-- ACTION ITEM --
Images should be omitted while the rest of the data is duplicated exactly.

-- Extracted records --

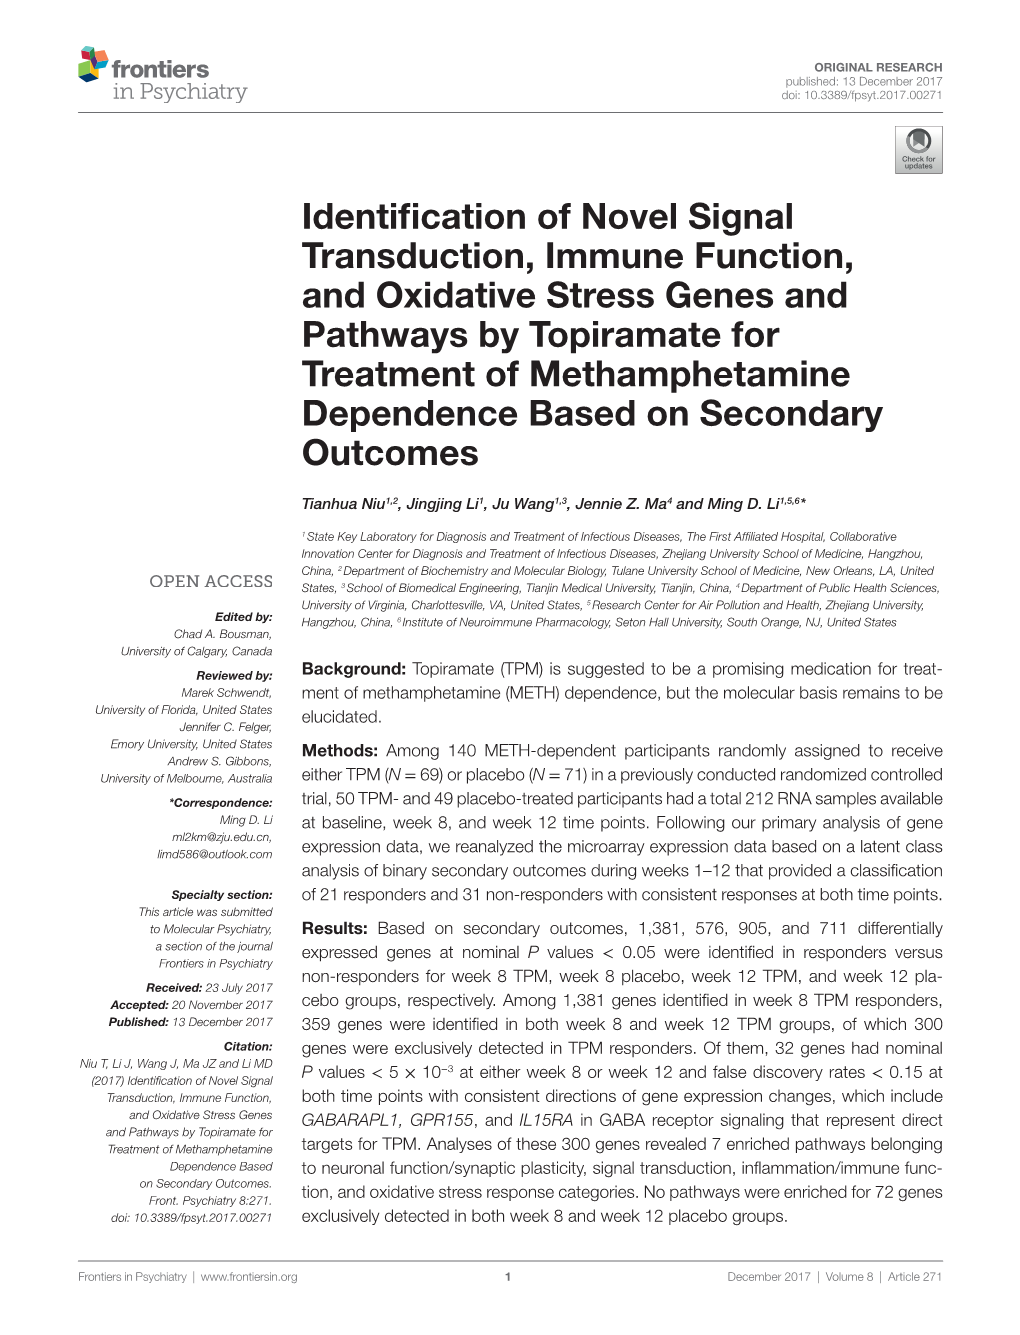 Identification of Novel Signal Transduction, Immune Function
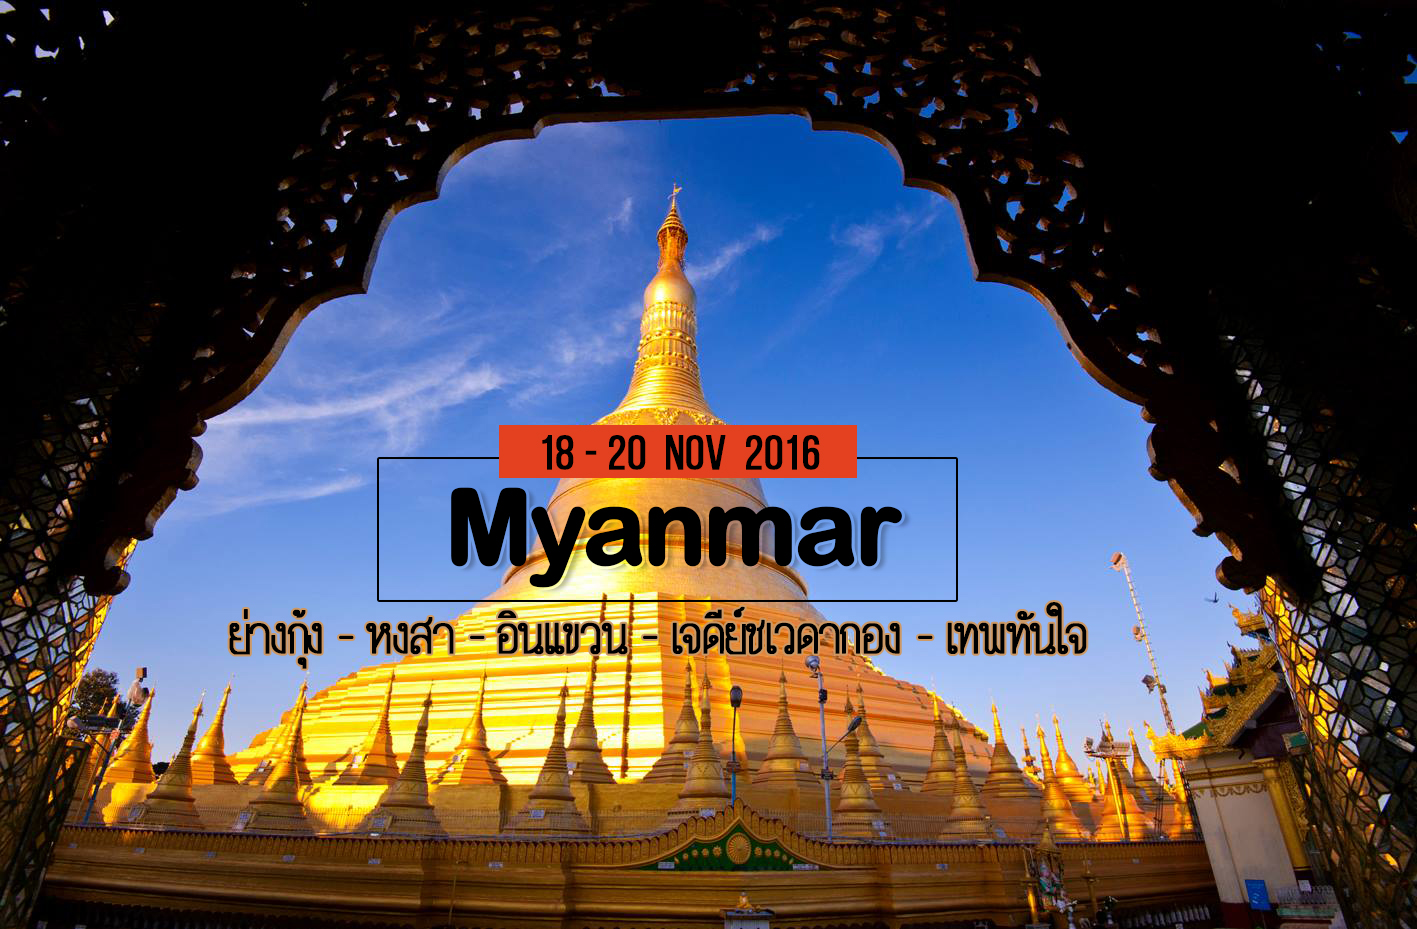 ภาพประทับใจ เที่ยวพม่า ย่างกุ้ง 18 - 20 Nov 2016
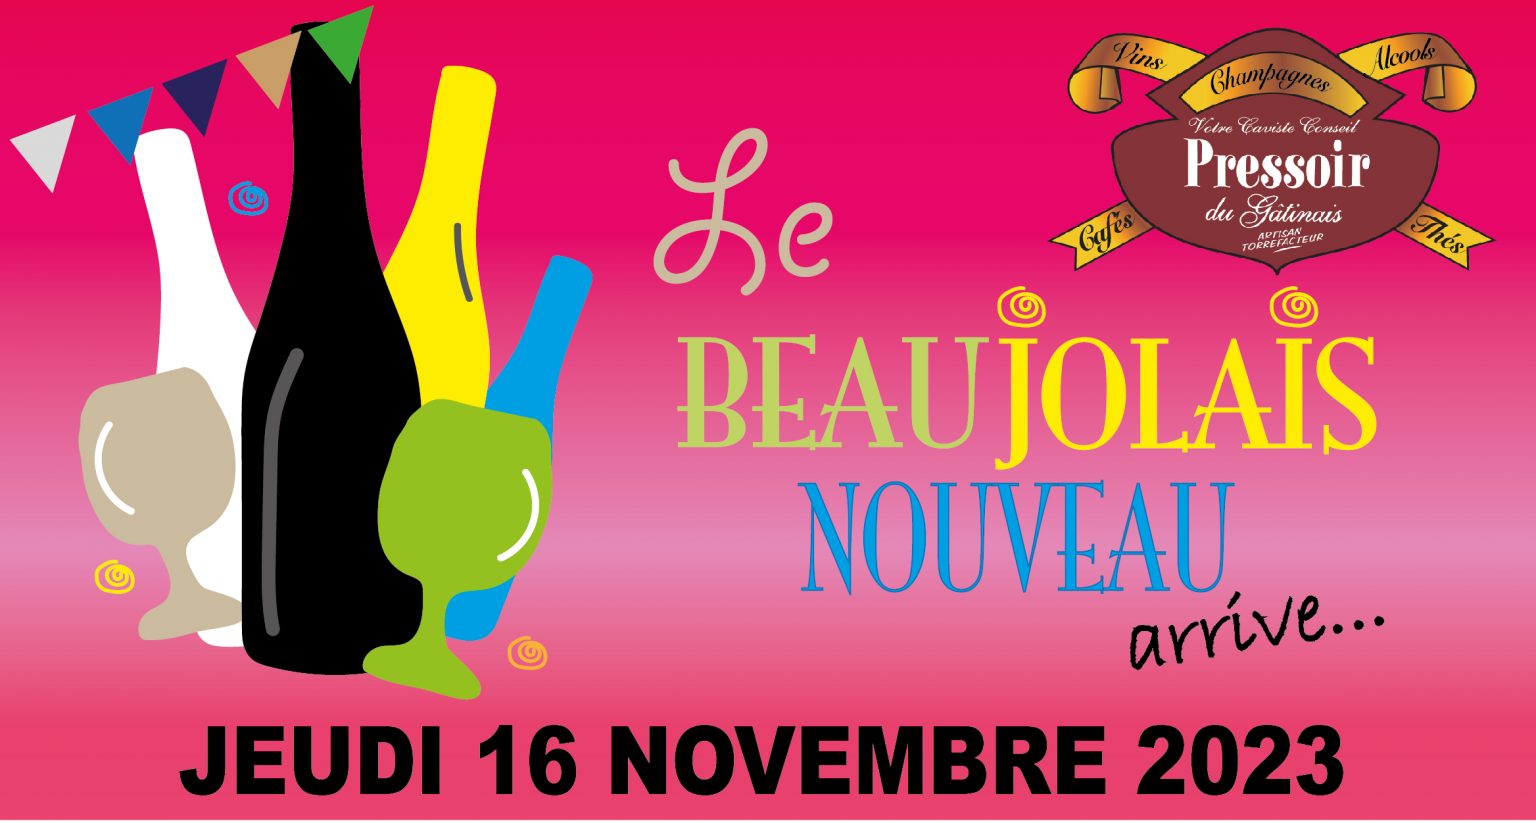 Invitation pour l'arrivée du Beaujolais Nouveau du jeudi 16 novembre 2023
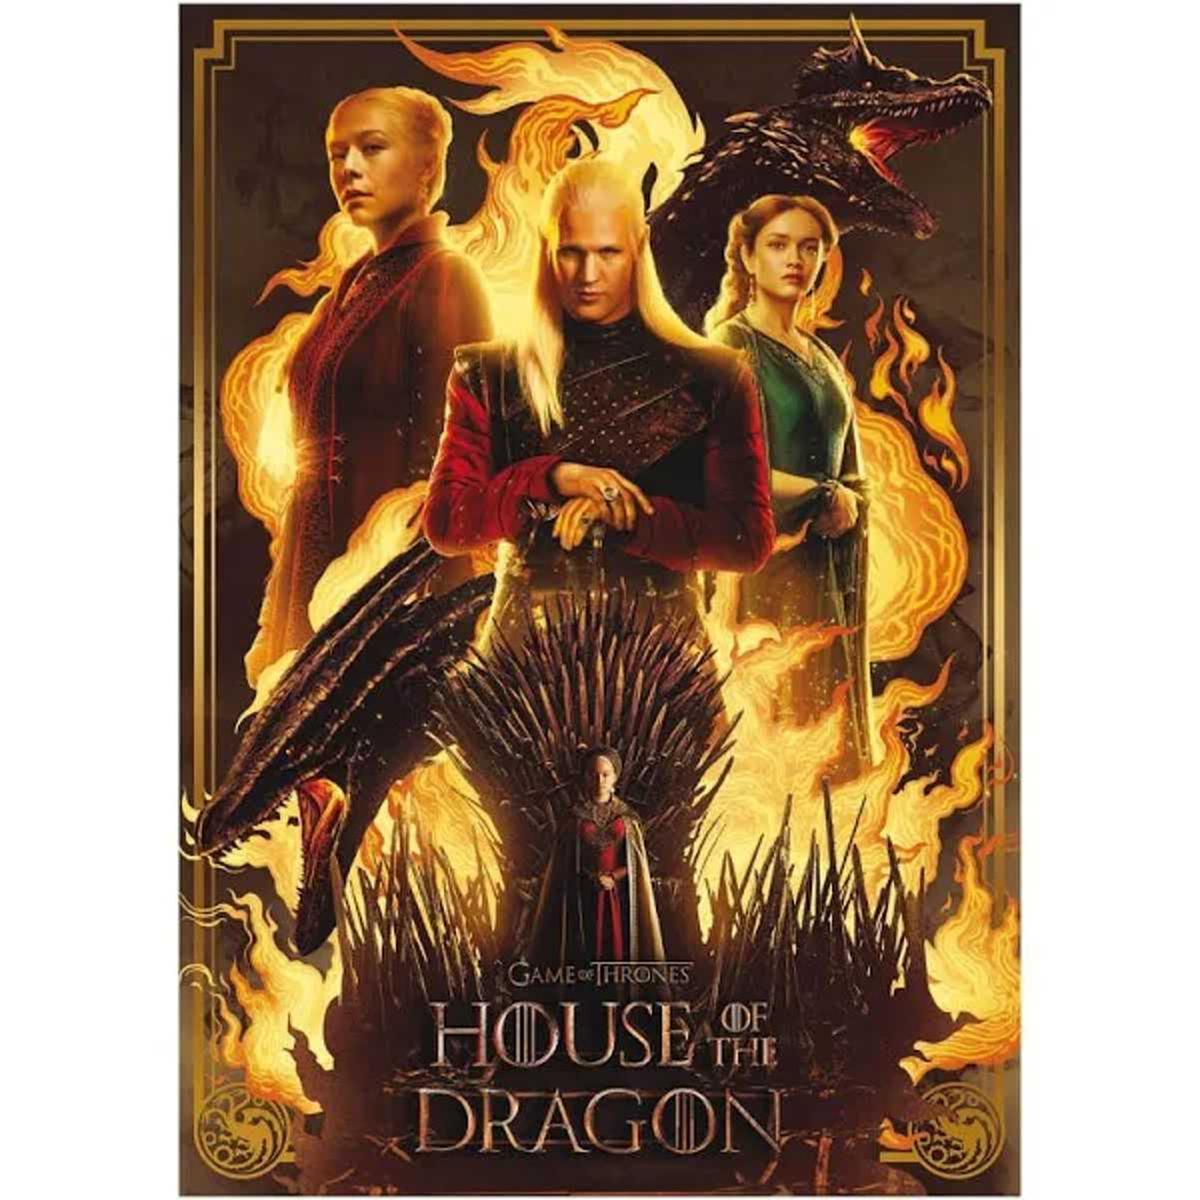 House of the Dragon” tem (algumas) qualidades, mas não
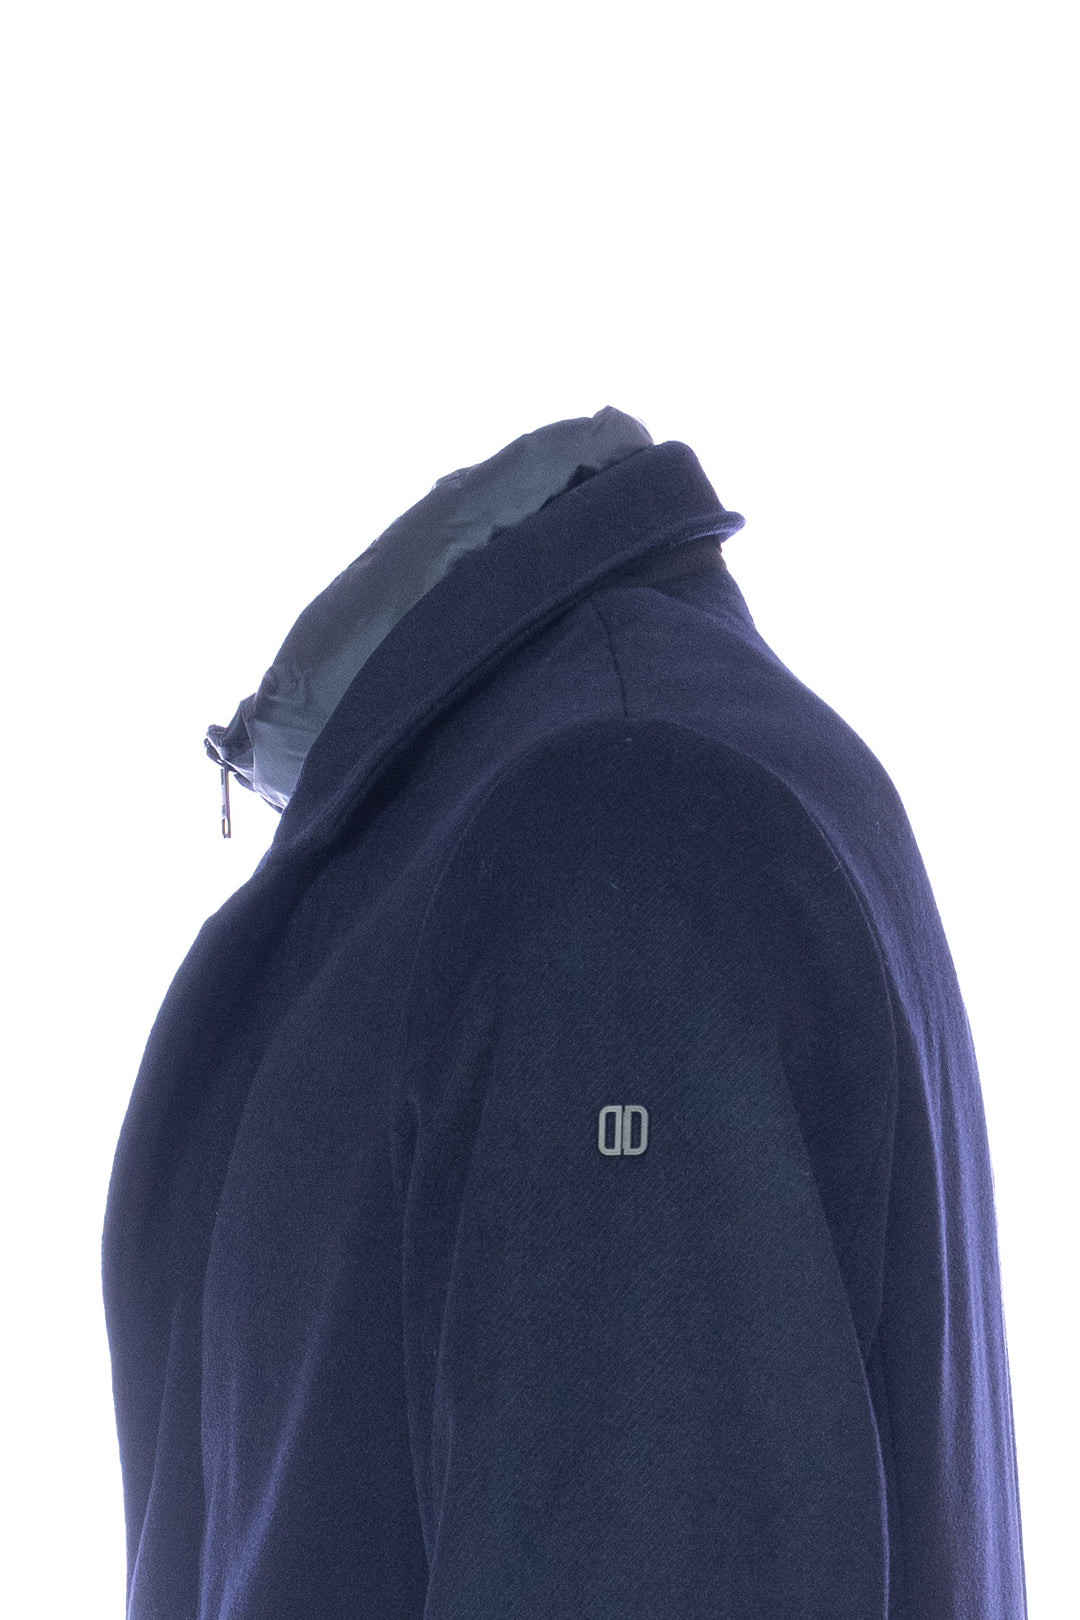 DUNO Cappotto imbottito blu scuro in lana tecnica con pettorina rimovibile - Mancinelli 1954

-- WORKED SOLUTION --
 Identification of Novel Signal Transduction, Immune Function
 ภาพประทับใจ เที่ยวพม่า ย่างกุ้ง 18 - 20 Nov 2016
 Invitation pour l'arrivée du Beaujolais Nouveau du jeudi 16 novembre 2023
 House of the Dragon” tem (algumas) qualidades, mas não
 DUNO Cappotto imbottito blu scuro in lana tecnica con pettorina rimovibile - Mancinelli 1954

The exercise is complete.